Effects of Trichoderma harzianum Fertilizer on the Soil Environment of Malus hupehensis Rehd. Seedlings under Replant Conditions

• Published in: HortScience
• Main Authors: Rong Zhang, Zhubing Yan, Yikun Wang, Xuesen Chen, Chengmiao Yin, Zhiquan Mao
• Format: Article
• Language: English
• Published: American Society for Horticultural Science (ASHS) 2021-08-01
• Subjects: apple replant disease; biocontrol fungi; real-time fluorescence–quantitative polymerase chain reaction; soil phenolic acids
• Online Access: https://journals.ashs.org/hortsci/view/journals/hortsci/56/9/article-p1073.xml

A pot experiment was performed to investigate the effects of Trichoderma harzianum on the root morphology of Malus hupehensis Rehd. seedlings and their soil environment under replant conditions. The experiment consisted of four treatments: continuously cropped soil (CK1), methyl bromide fumigation (CK2), carrier substrate control (T1), and T. harzianum fertilizer (T2). Plant growth parameters, soil phenolic acid content, abundance of soil microorganisms, and root respiration rate were measured.

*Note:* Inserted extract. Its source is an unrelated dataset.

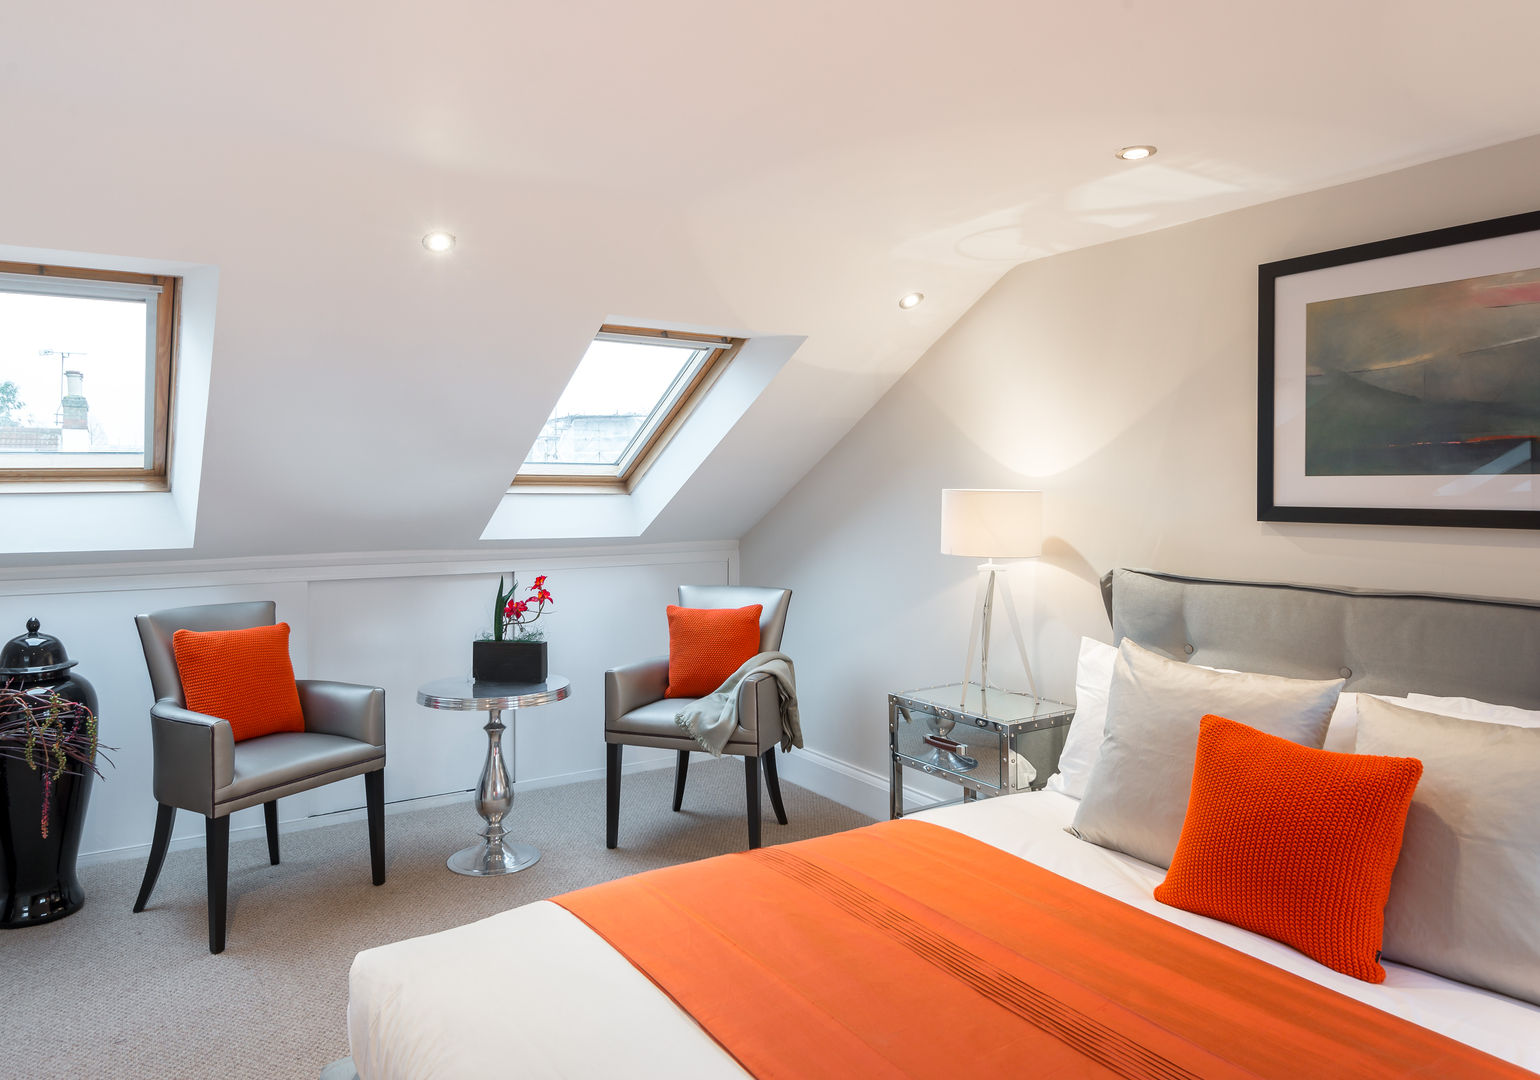 Loft : Bedroom 4 In:Style Direct Dormitorios minimalistas

Compared with CK1, plant height, basal diameter, and fresh weight were 34.58%, 27.55%, and 32.91% greater in T2; 11.35%, 12.10%, and 18.33% greater in T1; and 54.34%, 57.64%, and 45.74% greater in CK2. These metrics were significantly higher in the CK2 treatment than in the other treatments. The second highest values were recorded in the T2 treatment. Differences in root architecture were consistent with differences in biomass. Application of T. harzianum fertilizer was associated with increases of 45.45%, 120.06%, 86.44%, and 268.29% in the activities of the antioxidant enzymes superoxide dismutase (SOD), peroxidase (POD), catalase (CAT), and ascorbate peroxidase (APX), respectively, and there was little difference between T2 and CK2. The contents of phlorizin and phloretin were 39.39% and 51.70% less in T2, respectively, and 17.85% and 18.14% less in T1, respectively, compared with CK1. Trichoderma harzianum fertilizer increased the abundance of bacteria and actinomycetes while decreasing that of fungi. The gene copy numbers of Fusarium oxysporum and Fusarium moniliforme were 64.30% and 49.35% less, respectively, in the T2 treatment. The fungus population and the gene copy number of Fusarium oxysporum and Fusarium moniliforme was the least in CK2 because of the good sterilization effect. The T. harzianum fertilizer showed satisfactory effects in promoting the root growth of M. hupehensis, increasing the root resistance, decreasing the soil phenolic acid content, and significantly reducing the gene copy number of F. oxysporum and F. moniliforme. In summary, T. harzianum fertilizer is an effective and green alternative for the prevention and control of apple replant disease (ARD).